Do not read temperature from sleeping disks. Instead, 0 °C is used as that disk's temperature. This is needed if reading the temperature causes your disk to wake up unnecessarily. NOTE: This option is only available if thinkfan was built with -D USE_ATASMART.

-D

DANGEROUS mode: Disable all sanity checks. May damage your hardware!!

Signals

SIGINT and SIGTERM simply interrupt operation and should cause thinkfan to terminate cleanly.

SIGHUP makes thinkfan reload its config. If there's any problem with the new config, we keep the old one.

SIGUSR1 causes thinkfan to dump all currently known temperatures either to syslog, or to the console (if running with the -n option).

SIGPWR tells thinkfan that the system is about to go to sleep. Thinkfan will then allow sensor read errors for the next 4 loops because many sensors will take a few seconds before they are available again after waking up from a sleep state (suspend or hibernate). If the shipped systemd service file thinkfan-sleep.service is installed, it should take care of sending this singal when going to sleep. On non-systemd distributions, other mechanisms may have to be used.

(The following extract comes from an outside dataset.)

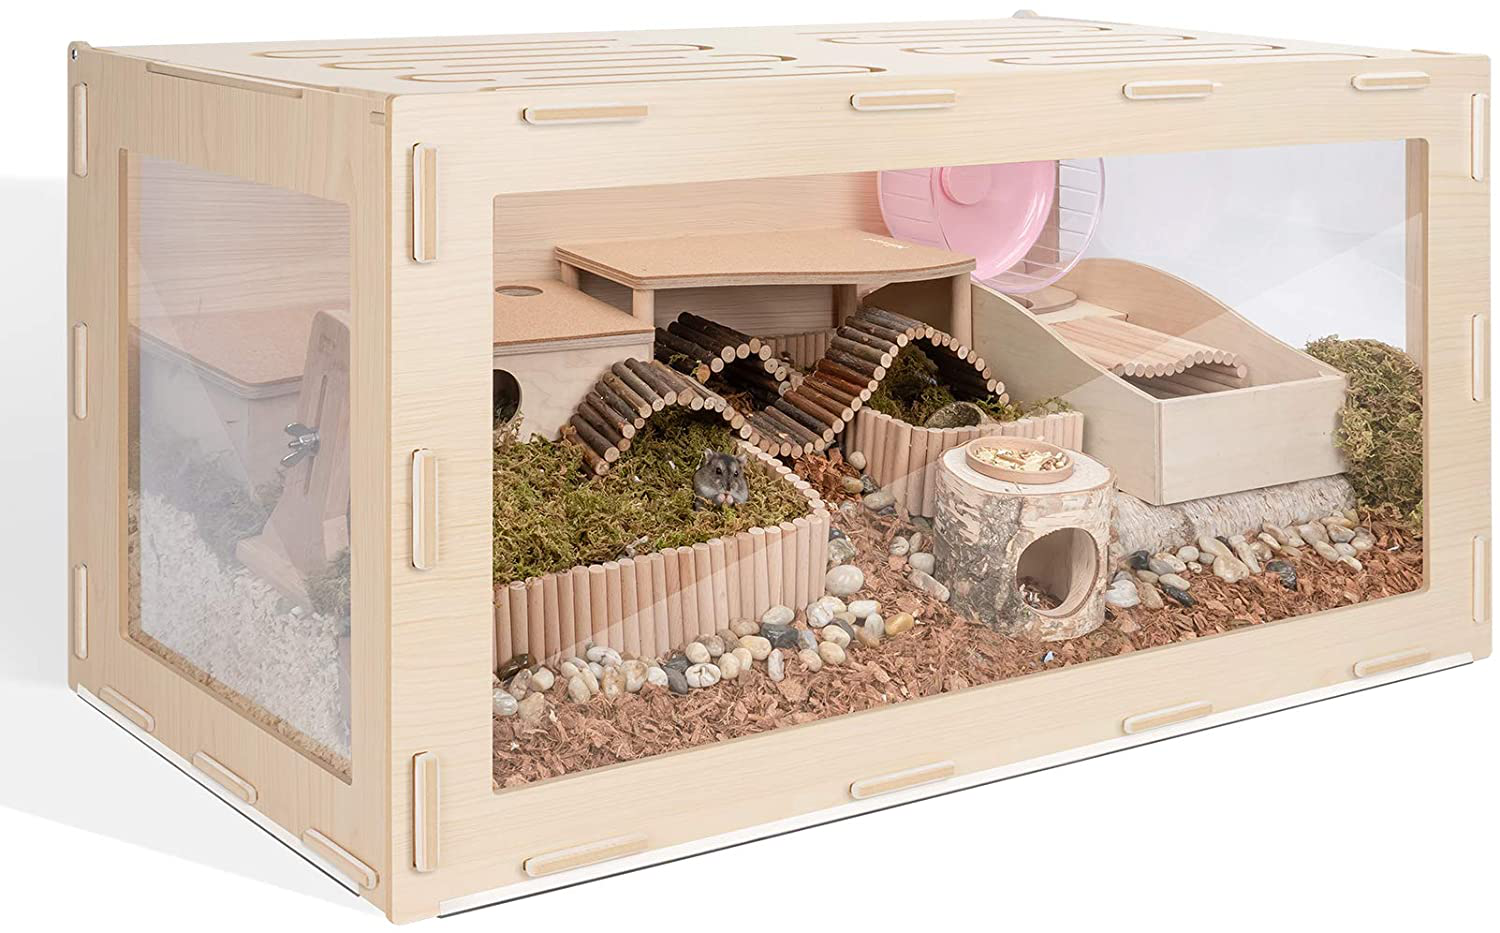 Niteangel Bigger World - MDF Aspen Small Animal Cage for Hamsters Degus Mices or Other Similar-Sized Pets Animals & Pet Supplies > Pet Supplies > Small Animal Supplies > Small Animal Habitats & Cages Niteangel Burlywood 39.4 x 19.7 x 19.7 inches

SIGUSR2 tells thinkfan to re-initialize fan control. This is required by most fan drivers after waking up from suspend because they tend to reset fan control to automatic mode on wakeup. Similar to SIGPWR, the systemd service file thinkfan-wakeup.service should take care of sending this signal on wakeup on systemd systems. On non-systemd distributions, other mechanisms may have to be used.

Return Value

0

Normal exit

1

Runtime error

2

Unexpected runtime error

3

Invalid commandline option

See Also

The thinkfan config manpage:
thinkfan.conf(5)

Example configs shipped with the source distribution, also available at:
https://github.com/vmatare/thinkfan/tree/master/examples

The Linux hwmon user interface documentation:
https://www.kernel.org/doc/html/latest/hwmon/sysfs-interface.html

The thinkpad_acpi interface documentation:
https://www.kernel.org/doc/html/latest/admin-guide/laptops/thinkpad-acpi.html

Bugs

If thinkfan tells you to, or if you feel like it, report issues at the Github issue tracker:

https://github.com/vmatare/thinkfan/issues

Referenced By

configuration.nix(5), thinkfan.conf(5), thinkfan.conf.legacy(5), zcfan(1).